AVAILABLE DATA =>
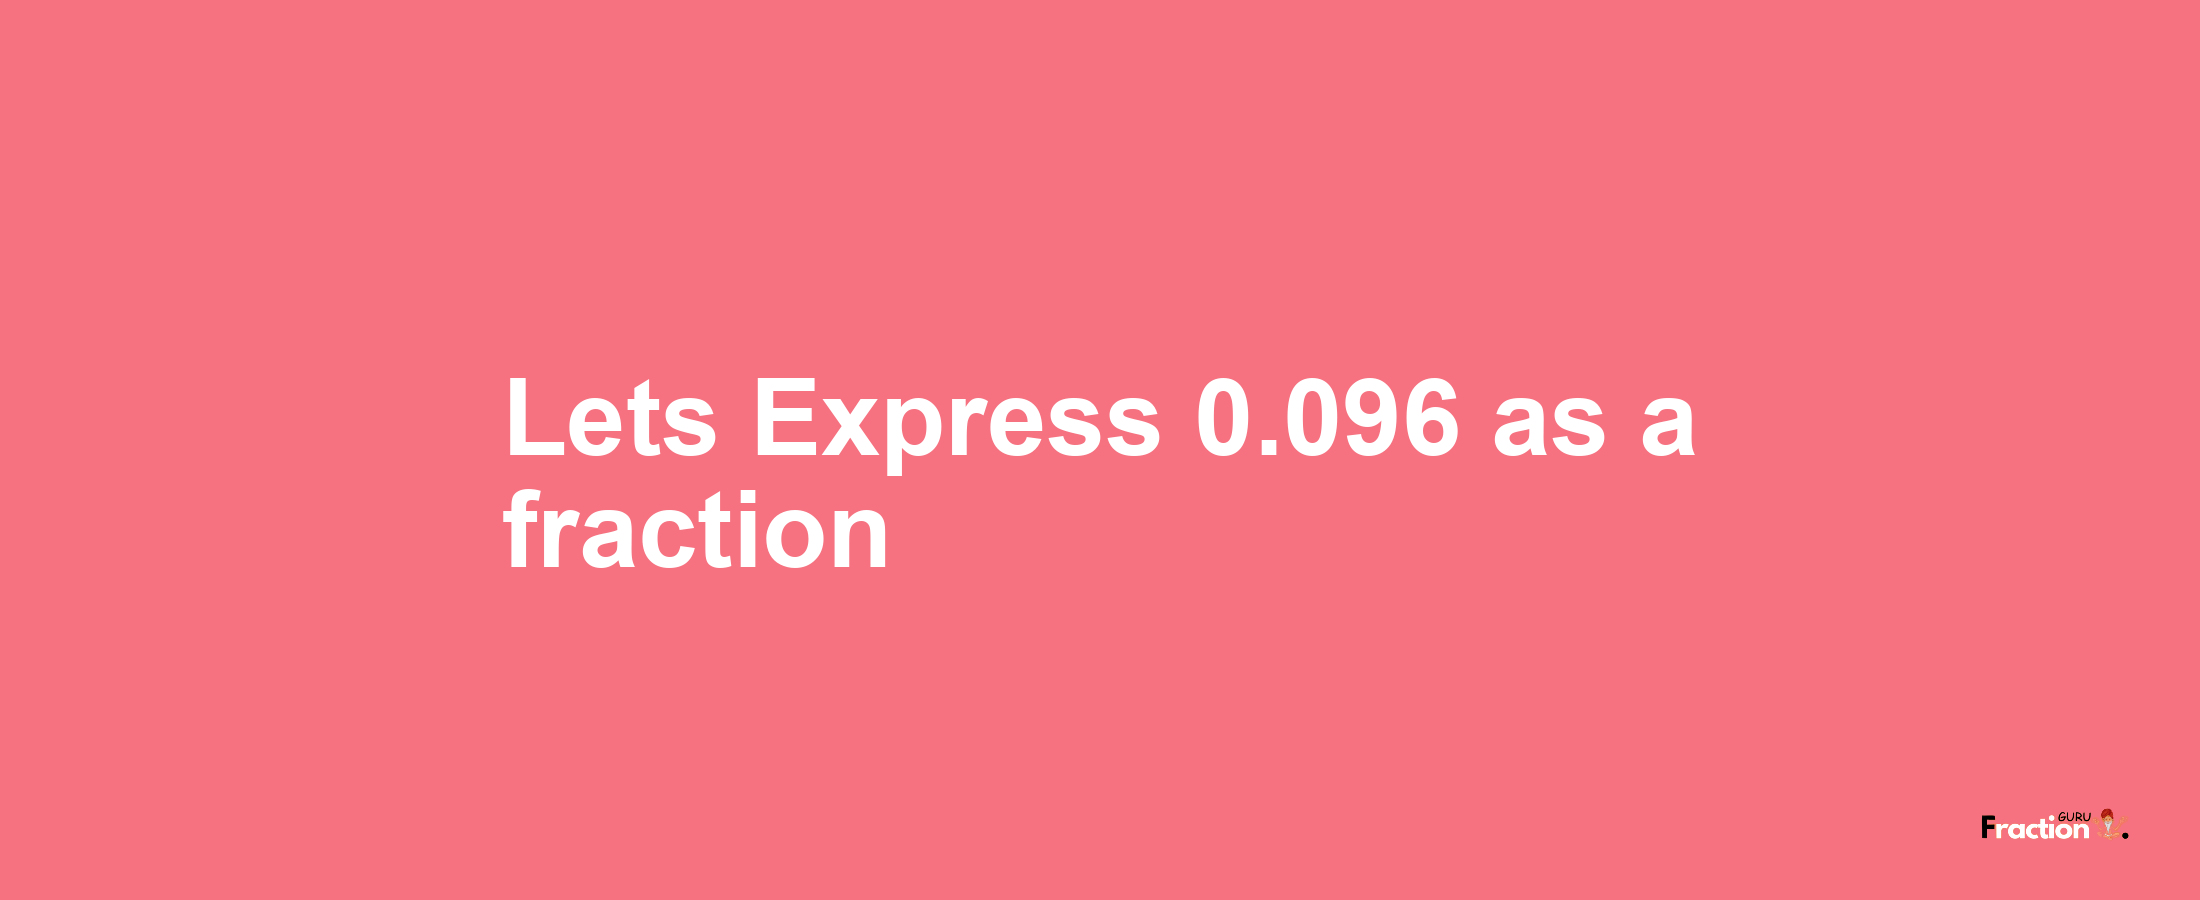 Lets Express 0.096 as afraction
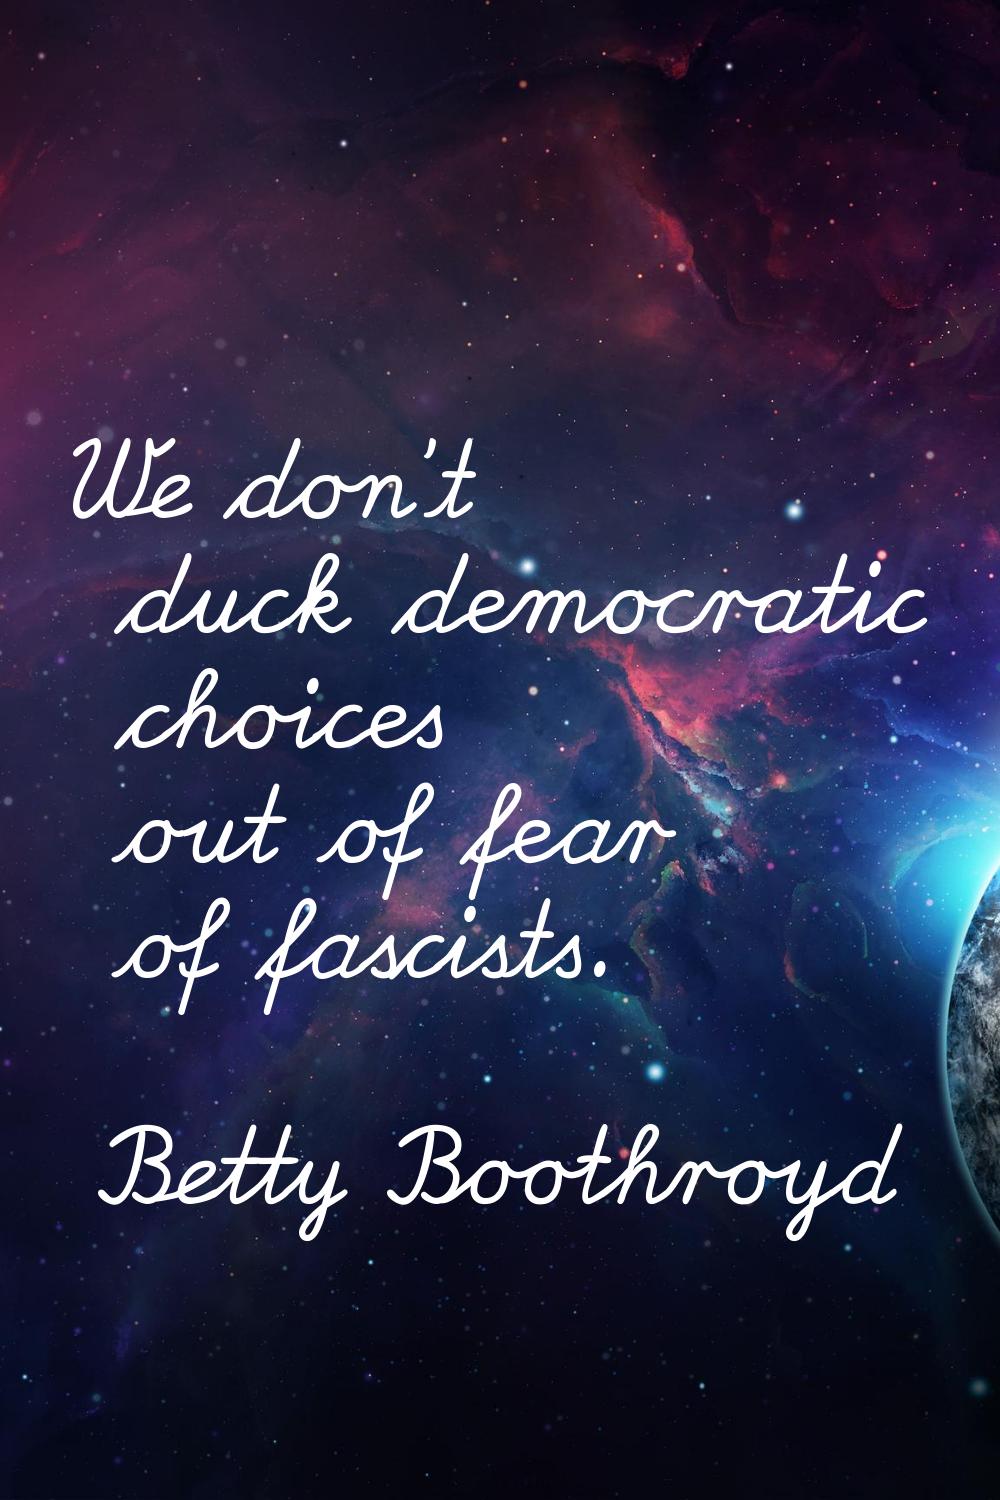 We don’t duck democratic choices out of fear of fascists.
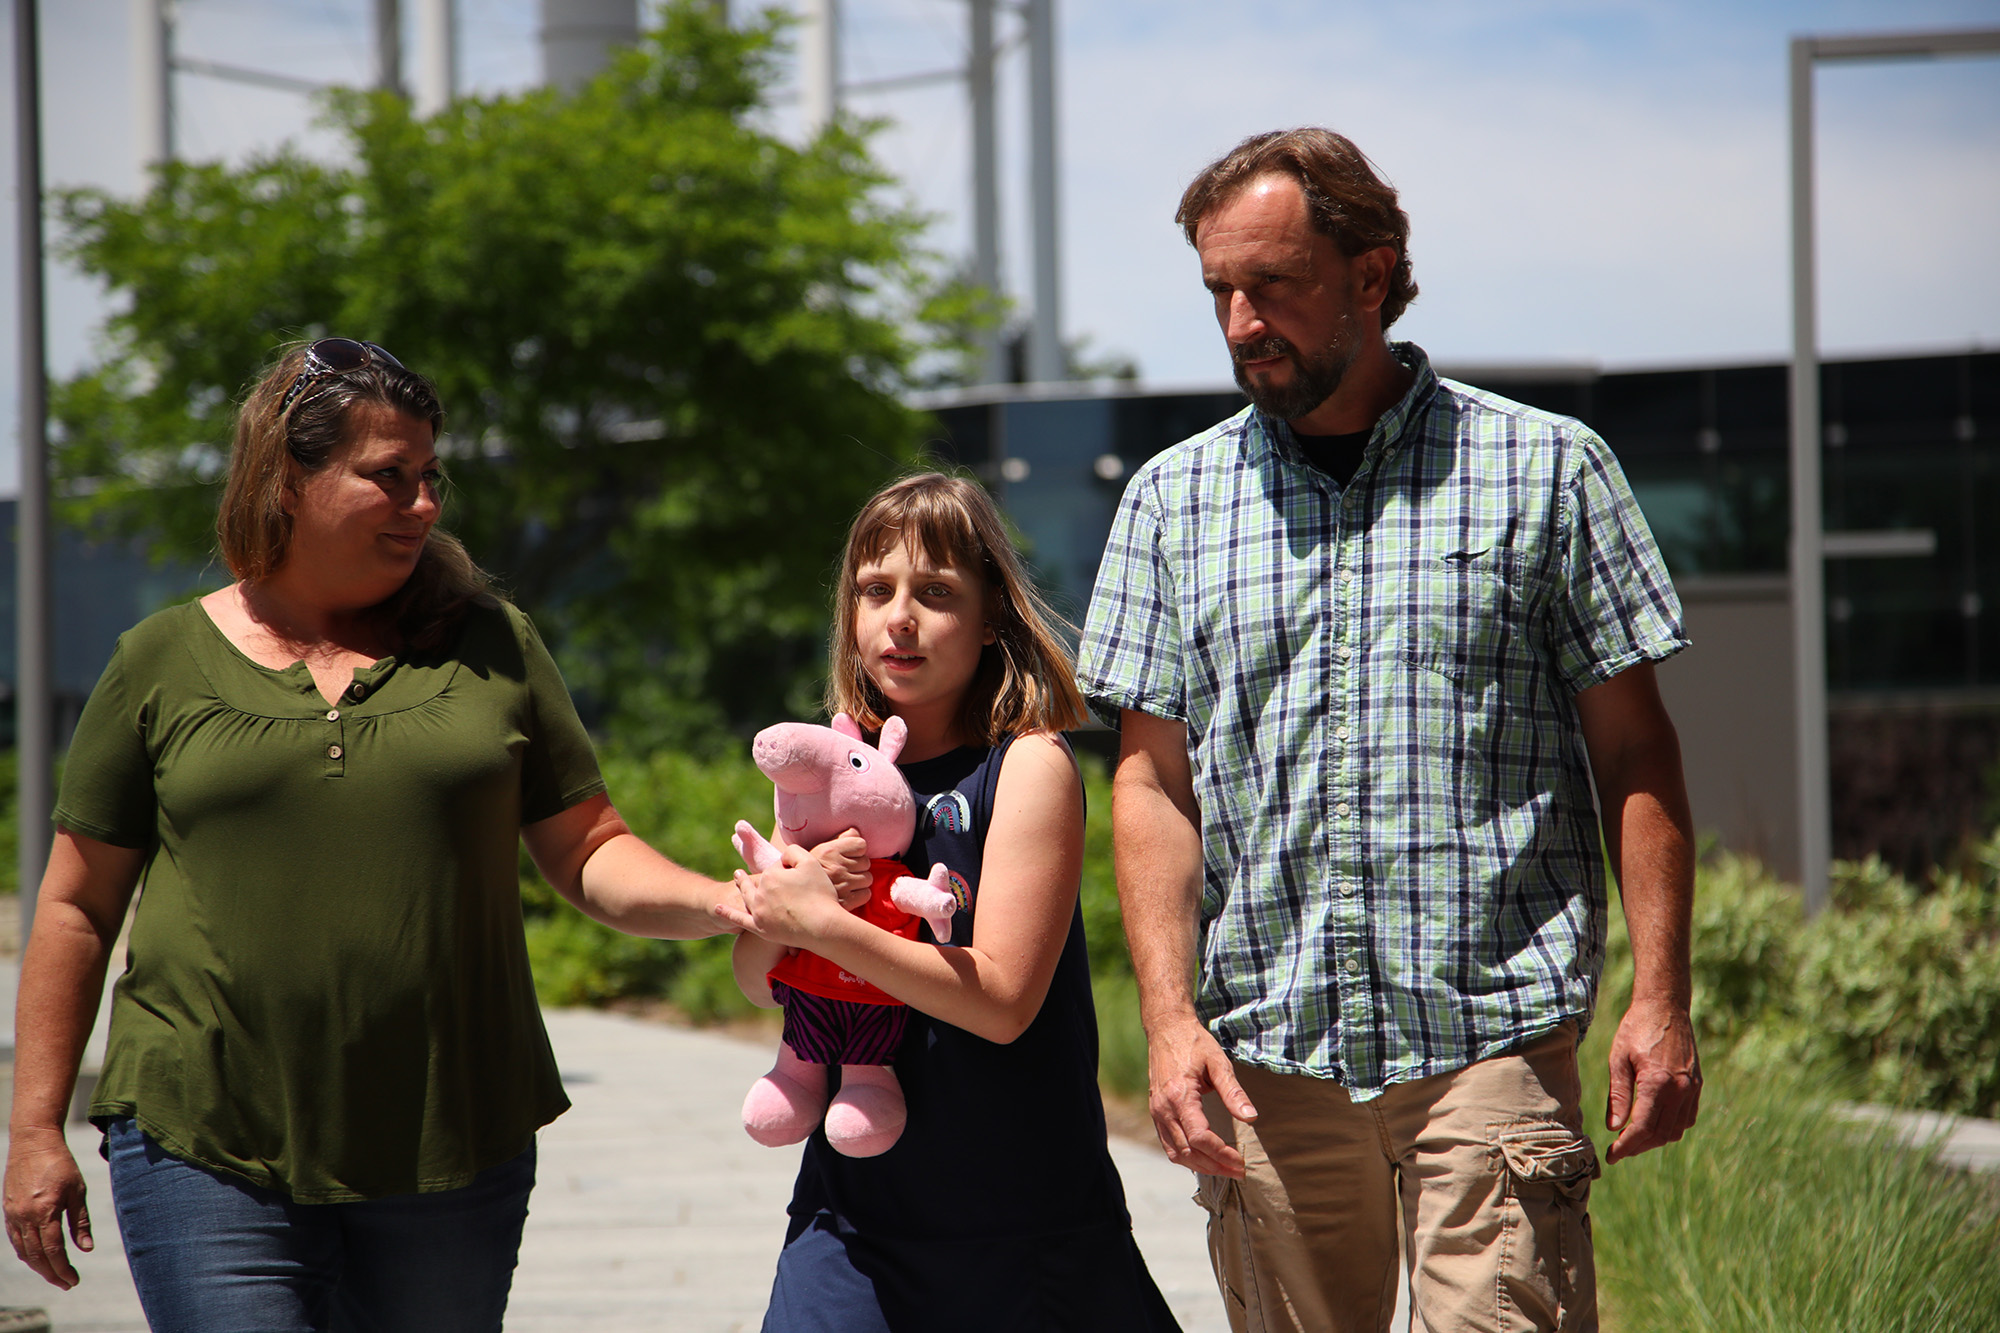 a young girl holding a stuffed animal walking with her parents

ACTIVITY => Hand back every line of the material, exactly, without the pictures.

REPLY TO THE EXERCISE =>
 Lets Express 0.096 as afraction
 We don’t duck democratic choices out of fear of fascists.
 a young girl holding a stuffed animal walking with her parents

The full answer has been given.